Parmi les plus connues, on trouve l’abstinence périodique, qui implique d’avoir des cycles menstruels réguliers et de parfaitement les connaître. Mais sachez que même en dehors de la période d’ovulation et d’une période dite fertile, il est possible de tomber enceinte… Autre méthode naturelle connue et dédiée aux hommes : la méthode du retrait qui consiste à retirer le pénis du vagin juste avant l’éjaculation.

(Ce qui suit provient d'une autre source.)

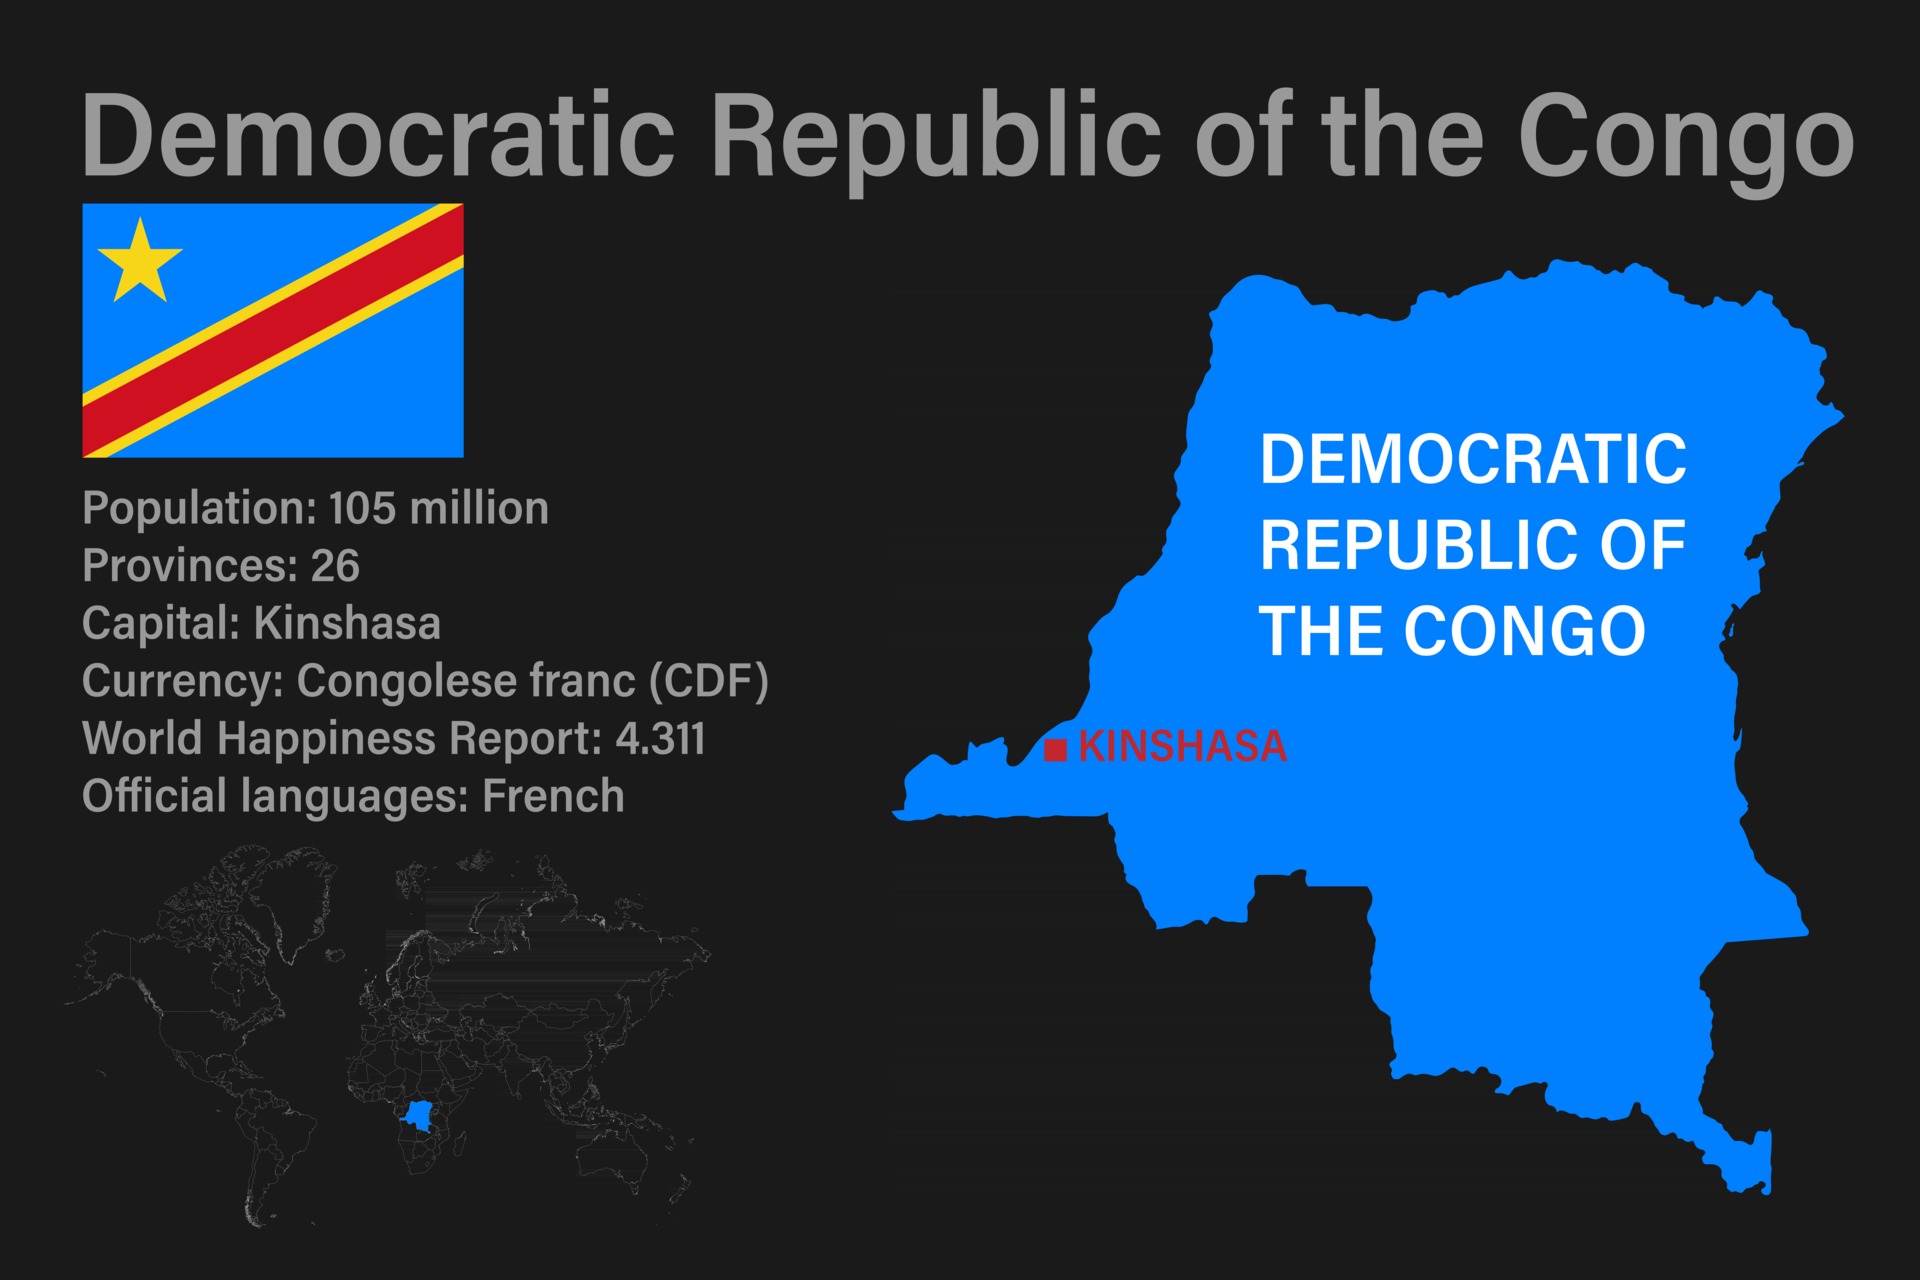 drapeau Congo-Kinshasa (République démocratique du Congo

Plus rigoureuse, l’étude de la glaire cervicale permet, comme son nom l’indique, de déterminer les périodes de fertilité pendant lesquelles il faut éviter les rapports sexuels, en fonction des modifications d’aspect et de consistance de ses pertes vaginales. Sur le même principe analytique, l’étude symptothermique associe la prise de température (la température corporelle augmente légèrement au moment de l’ovulation) avec l’étude de la glaire cervicale et, éventuellement, la palpation du col de l’utérus pour les plus initiées (car le col de l’utérus s’ouvre, se ramollit et remonte dans le vagin peu de temps avant la phase ovulatoire).

 

Les méthodes masculines, l’avenir de la contraception ?

Hormis le préservatif masculin et le retrait, d’autres méthodes contraceptives réservées aux hommes existent ou sont en cours de développement :

  • La vasectomie. Encore peu répandue en France, cette méthode contraceptive est le plus souvent définitive et nécessite une petite intervention chirurgicale. Elle est réalisée sous anesthésie locale par un urologue, après un délai de réflexion de 4 mois et à condition d’être âgé d’au moins 18 ans. Également appelée stérilisation masculine, l’opération porte sur les canaux déférents, chargés de transporter les spermatozoïdes depuis les testicules. Ces canaux sont alors bloqués : les gamètes ne se mélangent plus au reste du liquide séminal lors de l’éjaculation, qui reste normale.

  • Les méthodes thermiques : slip chauffant, andro-switch (anneau en silicone qui s’installe sous les testicules) ... Ces techniques ne sont pas encore officiellement reconnues par l’OMS mais ont déjà commencé à prouver leur efficacité. Elles consistent à augmenter la température des testicules par le biais de la chaleur corporelle, intensifiée par le port d’un sous-vêtement ou objet adapté. La production de spermatozoïdes est alors réduite. Mais pour être efficaces, ces produits doivent être portés en continu et en phase d’éveil, pendant 15 heures.

  • Les méthodes hormonales : si les recherches sont toujours en cours, des essais prometteurs ont néanmoins eu lieu. Sous forme de gel, d’injection ou de pilules, les méthodes contraceptives hormonales masculines devraient bientôt faire parler d’elles !

Hormonales, techniques ou naturelles, les différentes contraceptions doivent être choisies en fonction des préférences de chacun. Votre médecin traitant, votre gynécologue (si vous êtes une femme), votre urologue (si vous êtes un homme) ou votre sage-femme peuvent vous aider à faire votre choix.